Your answer must be exactly the lines from the one containing "Fetish Fantasy Series" through the end of the material, both ends included, without pictures.
------ RAW DATA
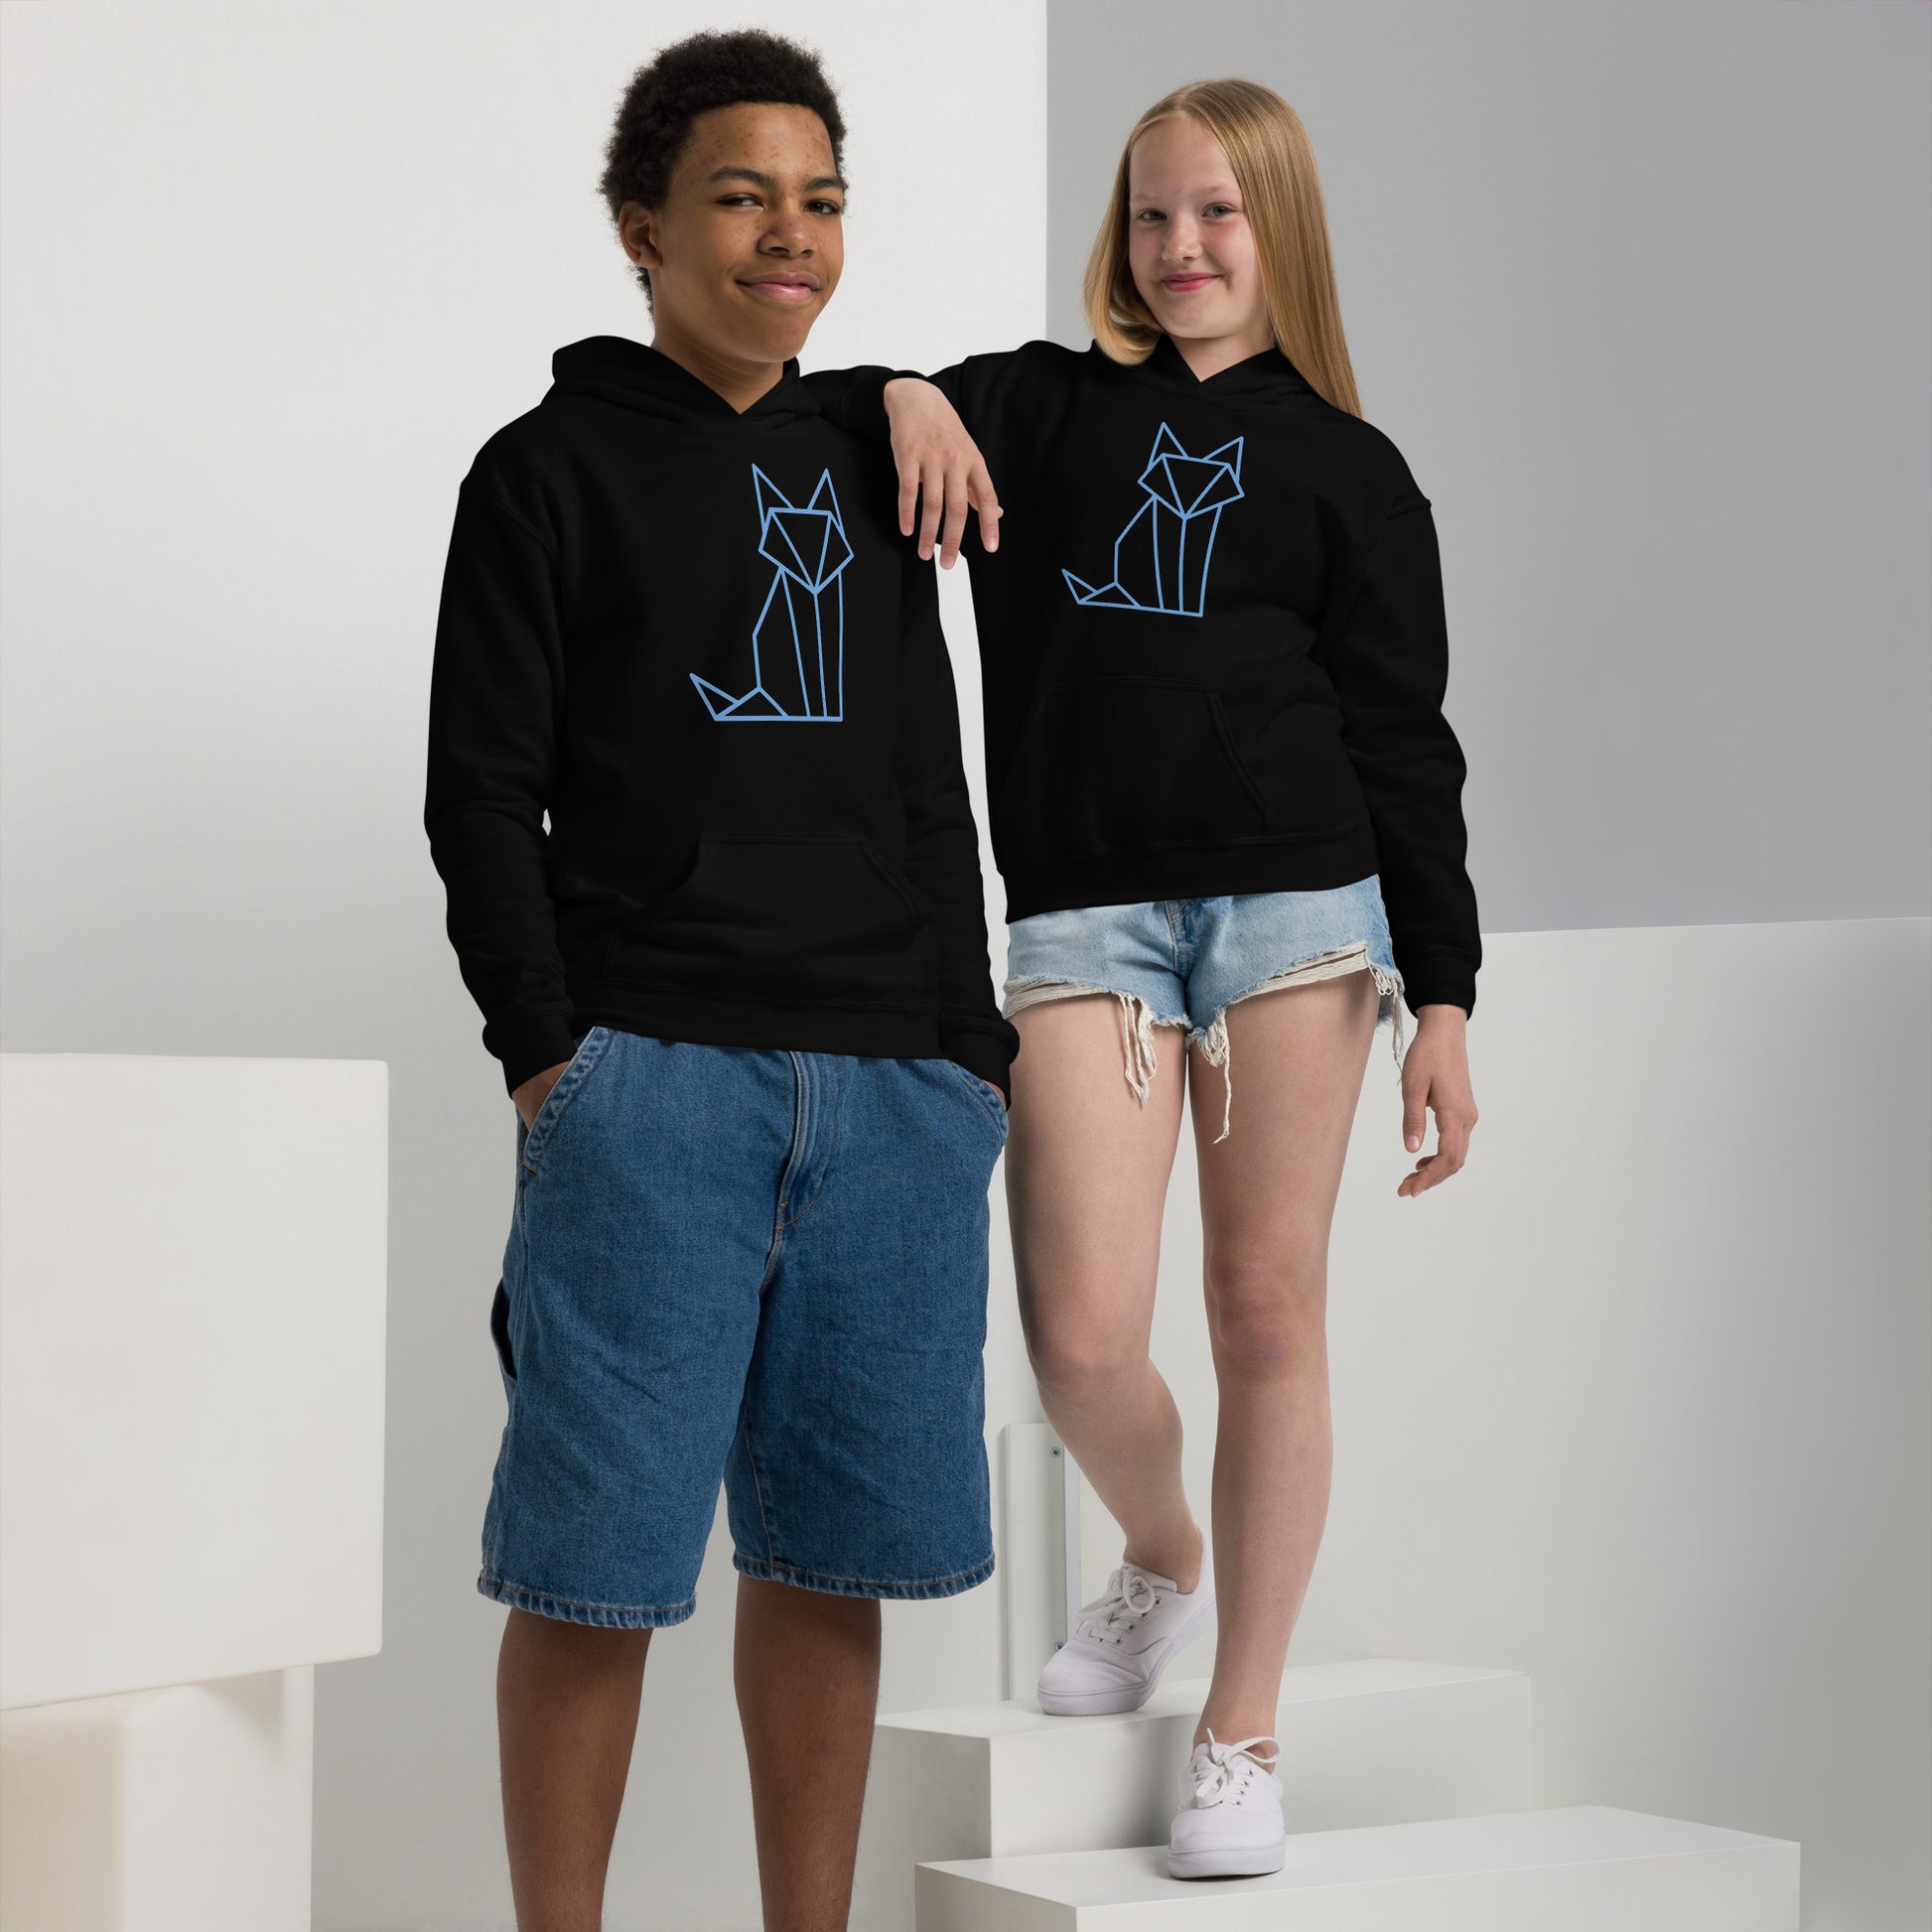 Youth with a black sweatshirt with a print of a fox in blue
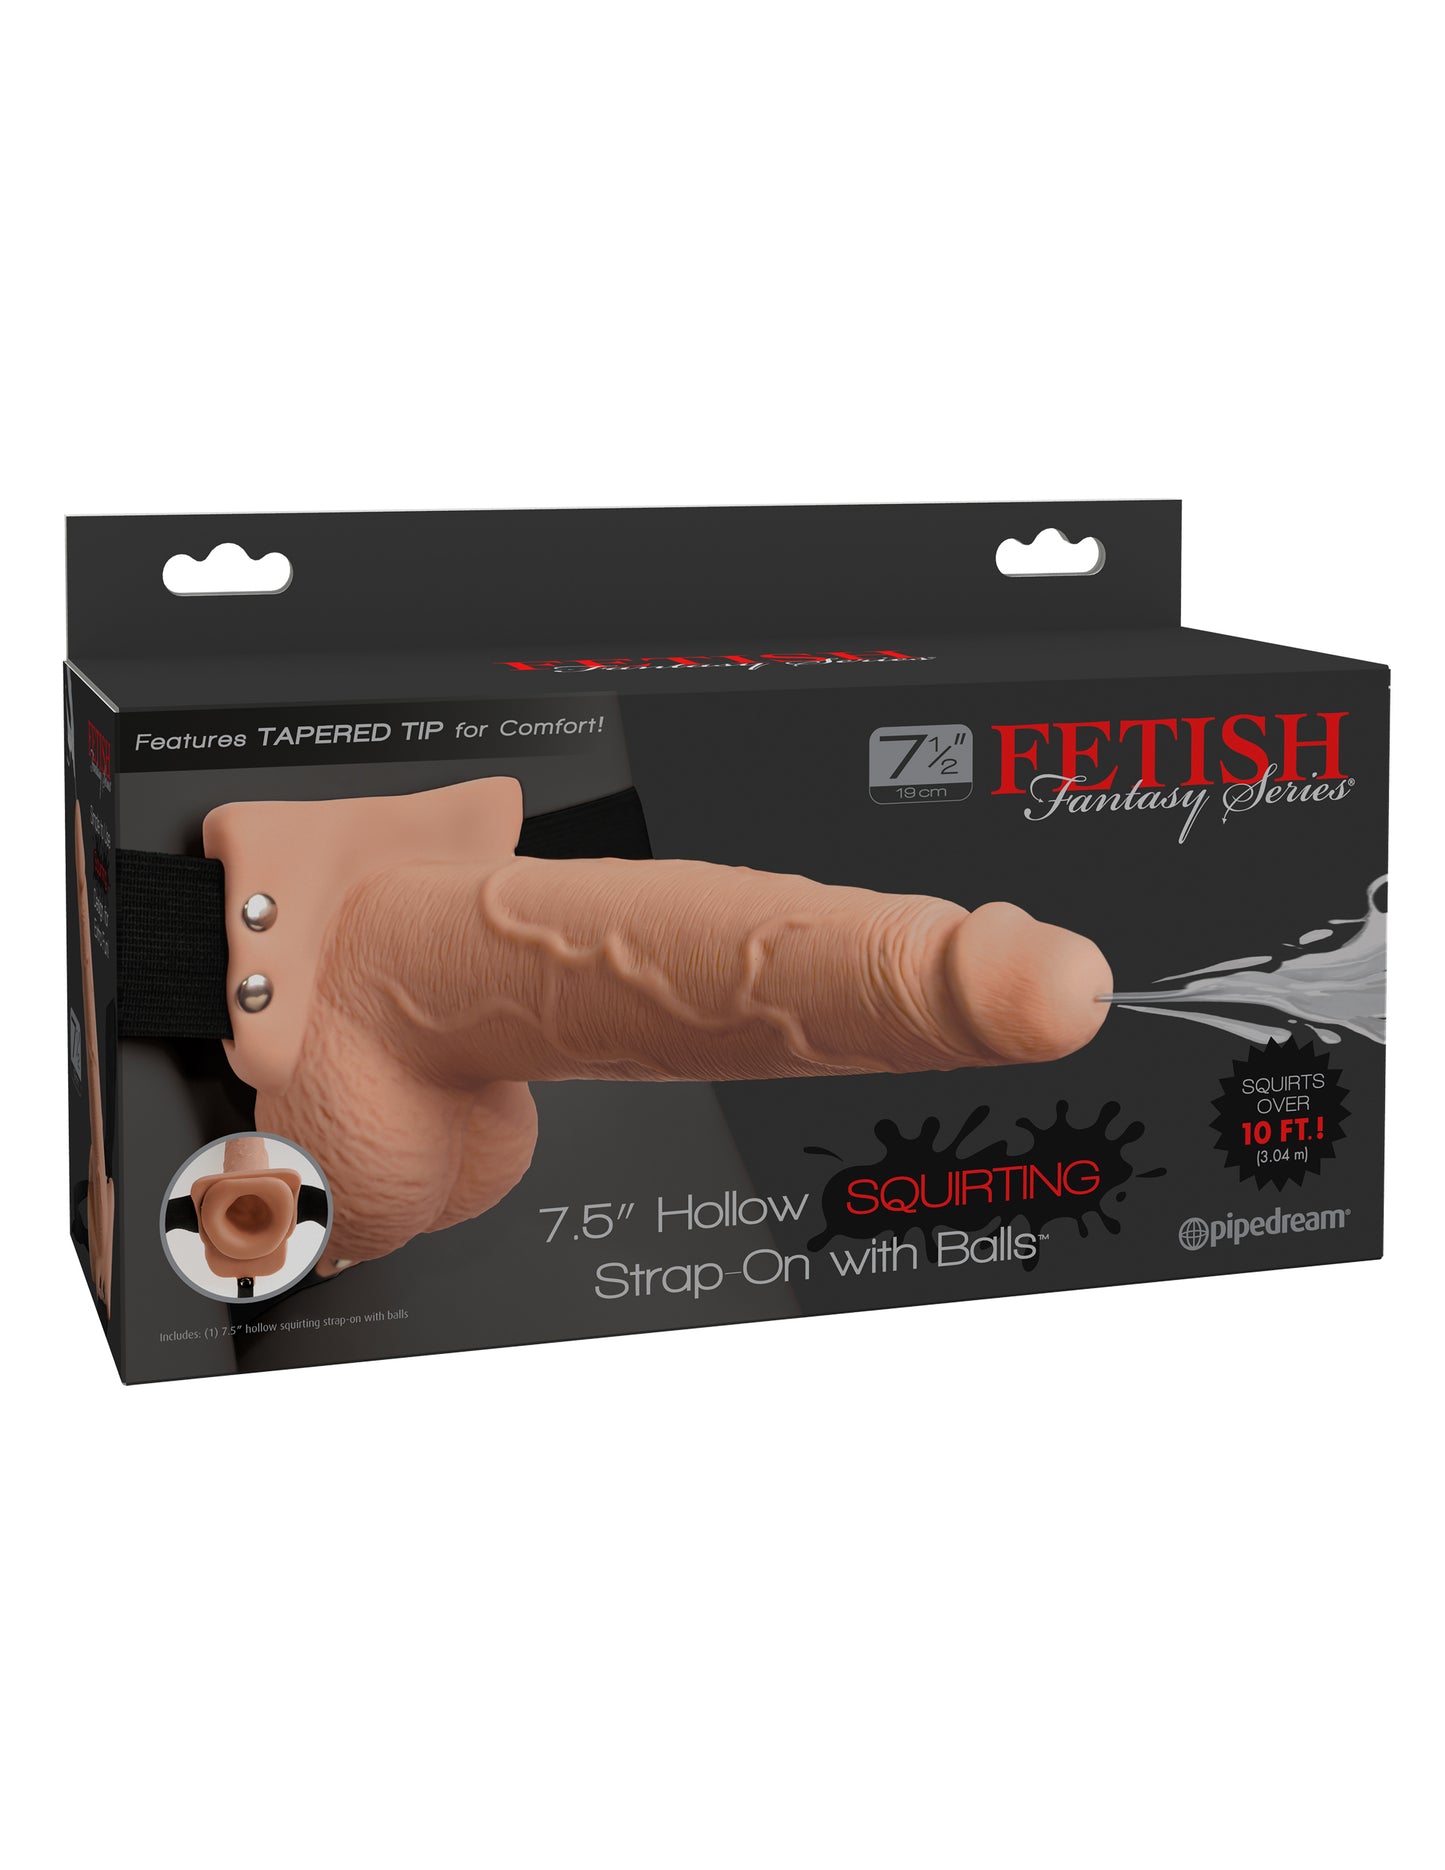 Fetish Fantasy Series 7.5" Hollow Squirting Strap-on With Balls - Flesh PD3397-21
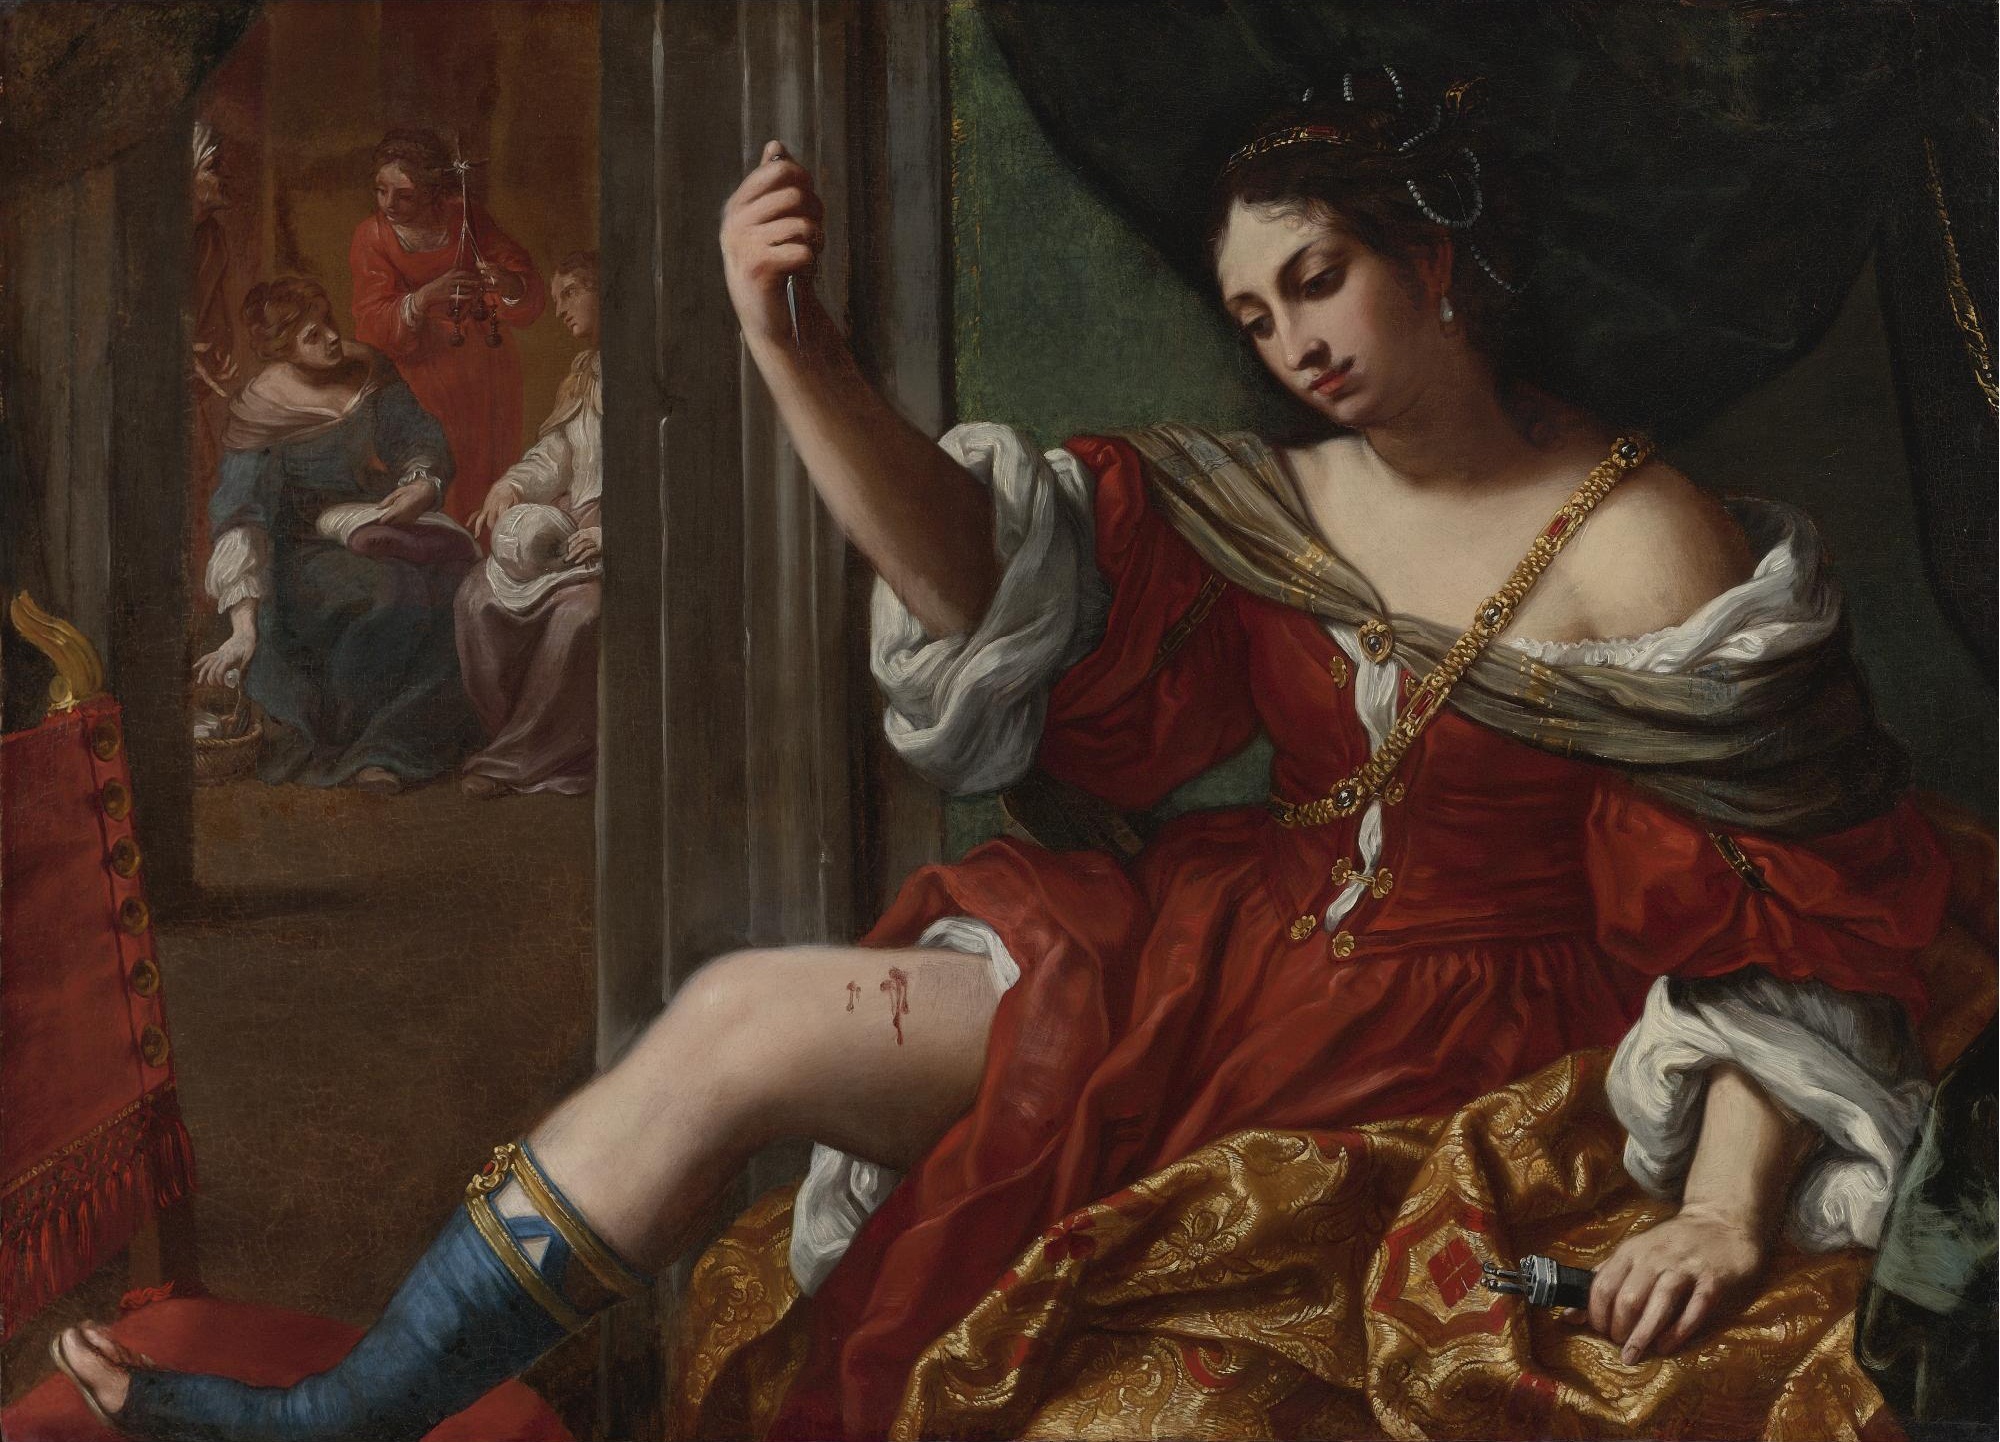 Portia Wounding Her Thigh by Elisabetta Sirani - 1664 - 101 x 138 cm private collection
------------
RESPONSE TO THIS TASK →
 Fetish Fantasy Series 7.5" Hollow Squirting Strap-on With Balls - Flesh PD3397-21
 Portia Wounding Her Thigh by Elisabetta Sirani - 1664 - 101 x 138 cm private collection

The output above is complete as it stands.